Welcome to the Biostatistics III in R course for autumn 2021. This course introduces statistical methods for survival analysis with emphasis on the application of such methods to the analysis of epidemiological cohort studies. Topics covered include methods for estimating patient survival (life table and Kaplan-Meier methods), comparing survival between patient subgroups (log-rank test), and modelling survival (primarily Poisson regression, Cox proportional hazards model and flexible parametric models). The course addresses the concept of 'time' as a potential confounder or effect modifier and approaches to defining 'time' (e.g., time since entry, attained age, calendar time). The course will emphasise the basic concepts of statistical modelling in epidemiology, such as controlling for confounding and assessing effect modification.

Link to course description in the official KI course catalogue

Link to the course syllabus


Teachers: Alexander Ploner, Xinhe Mao, Benjamin Christoffersen, Joshua Entrop, Mark Clements, Anna Johansson.

Course director and examiner: Mark Clements.
[Click here for faculty biographies]

Date and Location

Teaching (lectures and supervised practical sessions) will be held on-line, primarily using Zoom. See the schedule for further details.
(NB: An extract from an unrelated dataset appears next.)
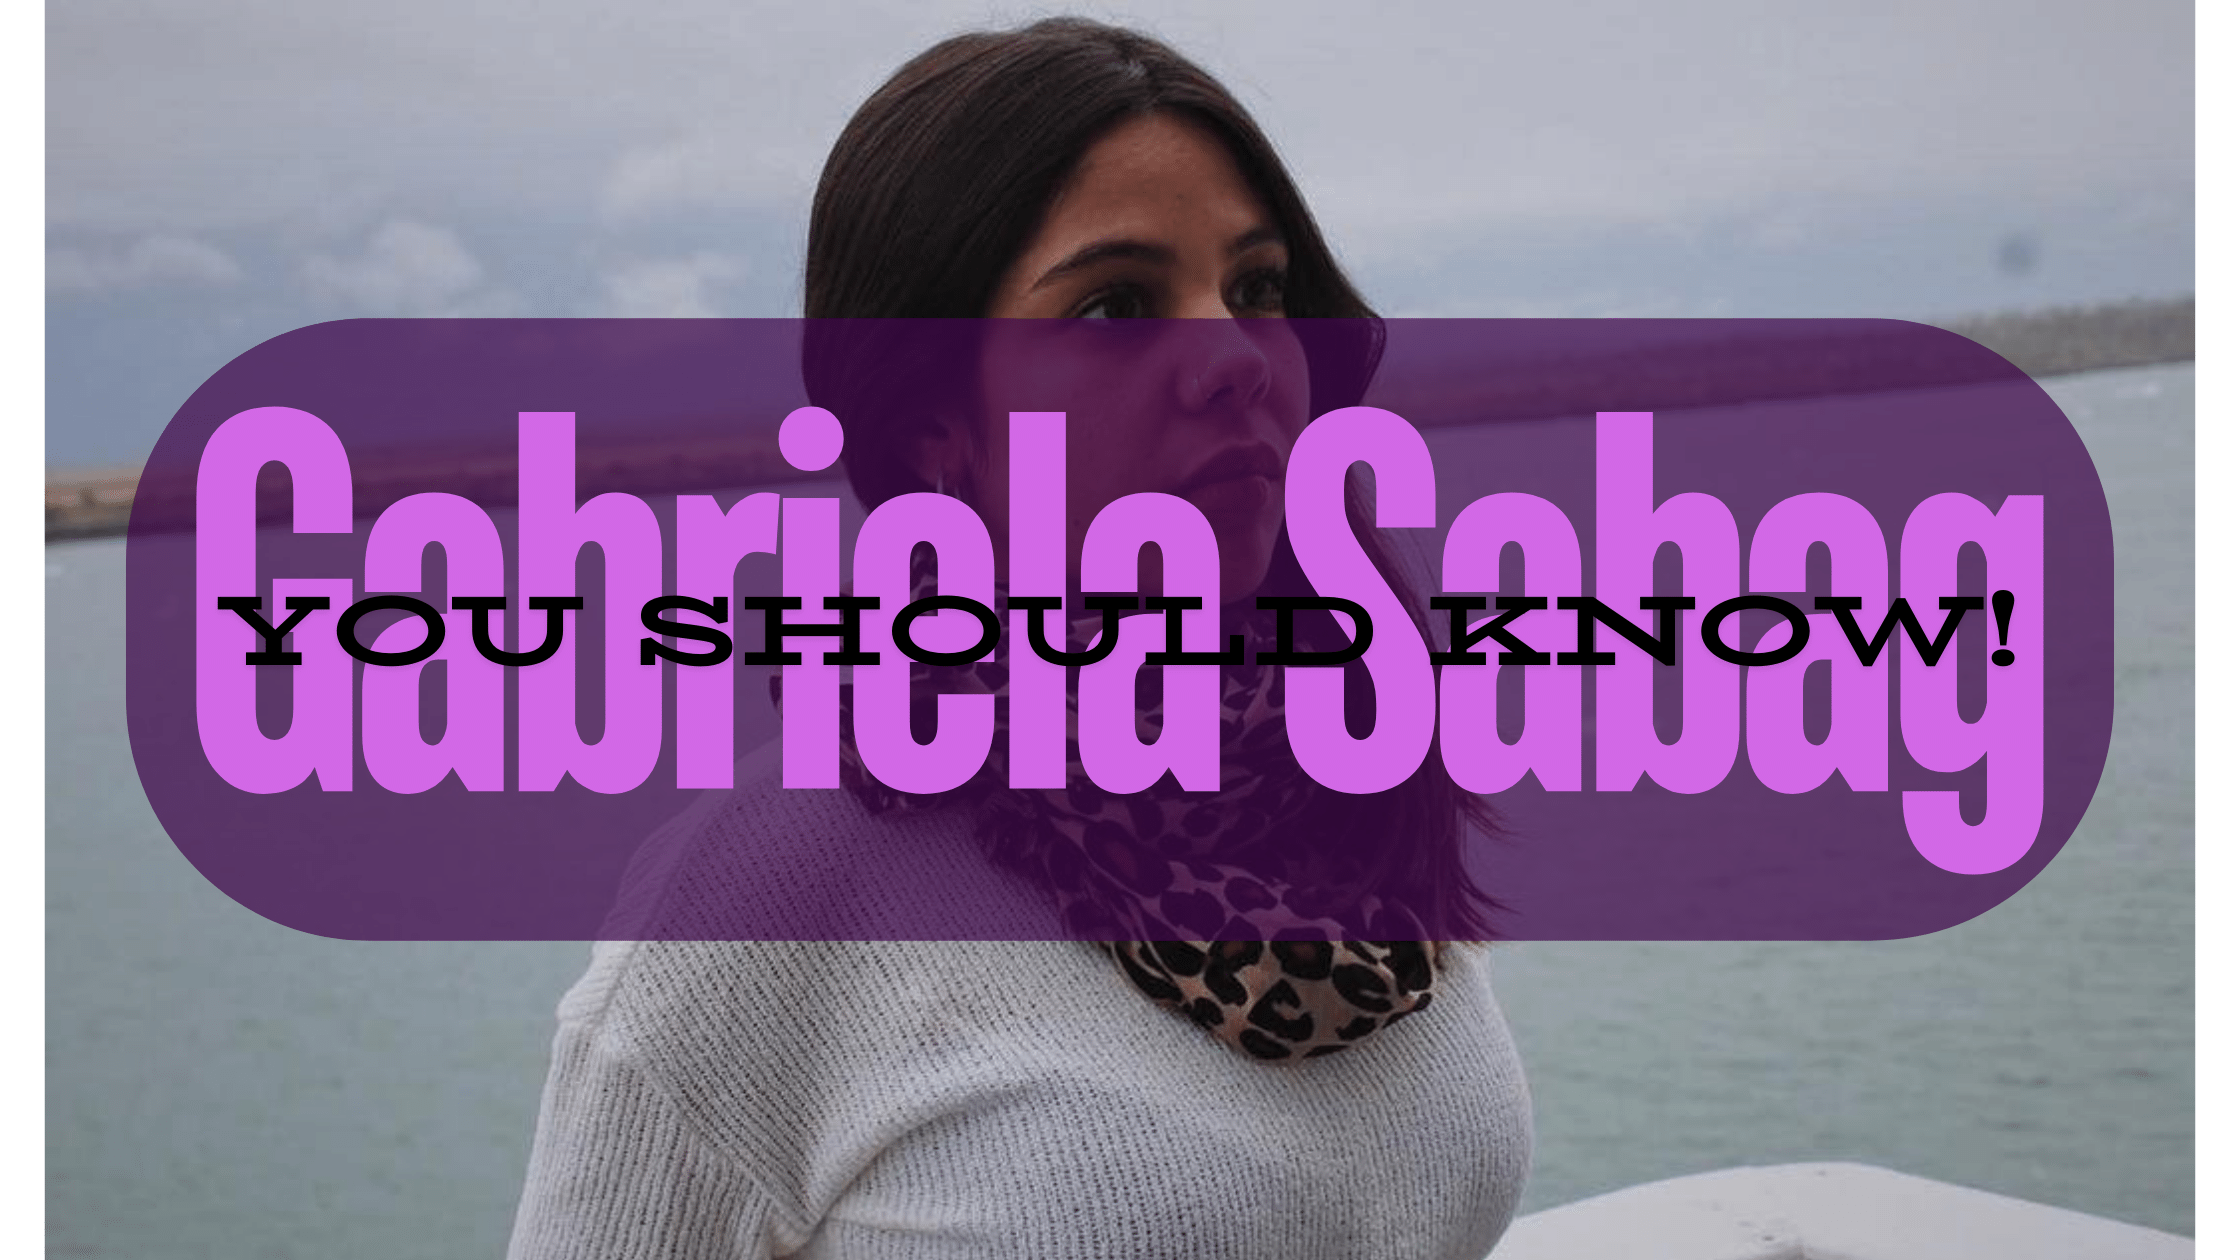 Gabriela Sabag – You Should Know!

The course grade is based solely on a take-home written examination. The exam requires you to understand the concepts of survival analysis and interpret output from standard statistical software. Instructions:

  • The examination is individual-based: you are not allowed to cooperate with anyone, although you are encouraged to consult the available literature. The teachers will use Urkund in order to assess potential plagiarism
  • The examination will be made available at 12:00 on Wednesday 18 November 2020 and the examination is due by 17:00 on Wednesday 25 November 2020.
  • The examination will be graded and results will be returned to you by 4 December 2020.
  • Students who do not obtain a passing grade in the first examination will be offered a second examination within 2 months of the final day of the course.
  • Do not write answers by hand: please use Word, R markdown, LaTeX or a similar format for your examination report.
  • Motivate all answers and show all calculations in your examination report, but write as concise an answer as possible without loss of clarity. Define any notation that you use for equations. The examination report should be written in English.
  • Email the examination report containing the answers as a pdf file to Gunilla Nilsson Roos. Write your name in the email, but do not write your name in the document containing the answers.

Prerequisite Knowledge

Participants are expected to have prerequisite knowledge equivalent to the learning outcomes of the courses Epidemiology I, Biostatistics I and Biostatistics II. We have provided a self-assessment test for you to confirm that you understand the central concepts. We advise all potential applicants to take the test prior to applying for Biostatistics III. If you attempt the test under examination conditions (i.e., without referring to the answers) we would recommend:

  1. if you score 70% or more then you possess the required prerequisite knowledge;
  2. if you score 40% to 70% you should revise the areas where you lost marks;
  3. if you score less than 40% you should, at a minimum, undertake an extensive review of central concepts in statistical modelling and possibly consider studying intermediate-level courses (e.g., Biostatistics II) before taking Biostatistics III.

Knowledge of R is assumed

Participants are expected to possess basic knowledge of R prior to the start of the course. We will use R versions 3.6.3 and 4.0 during the course. There may be issues with installing some software with version 3 of R; for example, the foreign package on CRAN by default now needs R version 4 (see here for a solution).

R, Stata and SAS users

Although we will be using R exclusively during the course, we have made the data sets available in Stata and SAS formats and users are welcome to attempt the exercises using Stata or SAS. Please keep in mind that if you choose to work with R or SAS we expect you to be familiar with those softwares. The teaching assistants can help with the statistical concepts and some are experienced Stata and SAS users.

We have written brief notes on how the methods described during the course can be implemented in SAS (see notes\for\sas\users.pdf).

All files relevant for R users are available from:
http://biostat3.net/download/index.php?dir=R/, with the computing labs available from http://biostat3.net/download/R/

All files relevant for SAS users are available from:

All files relevant for Stata users are available from:
http://biostat3.net/download/do\files and http://biostat3.net/download/Data

Course language

The course language will be English. All instruction and course materials will be in English.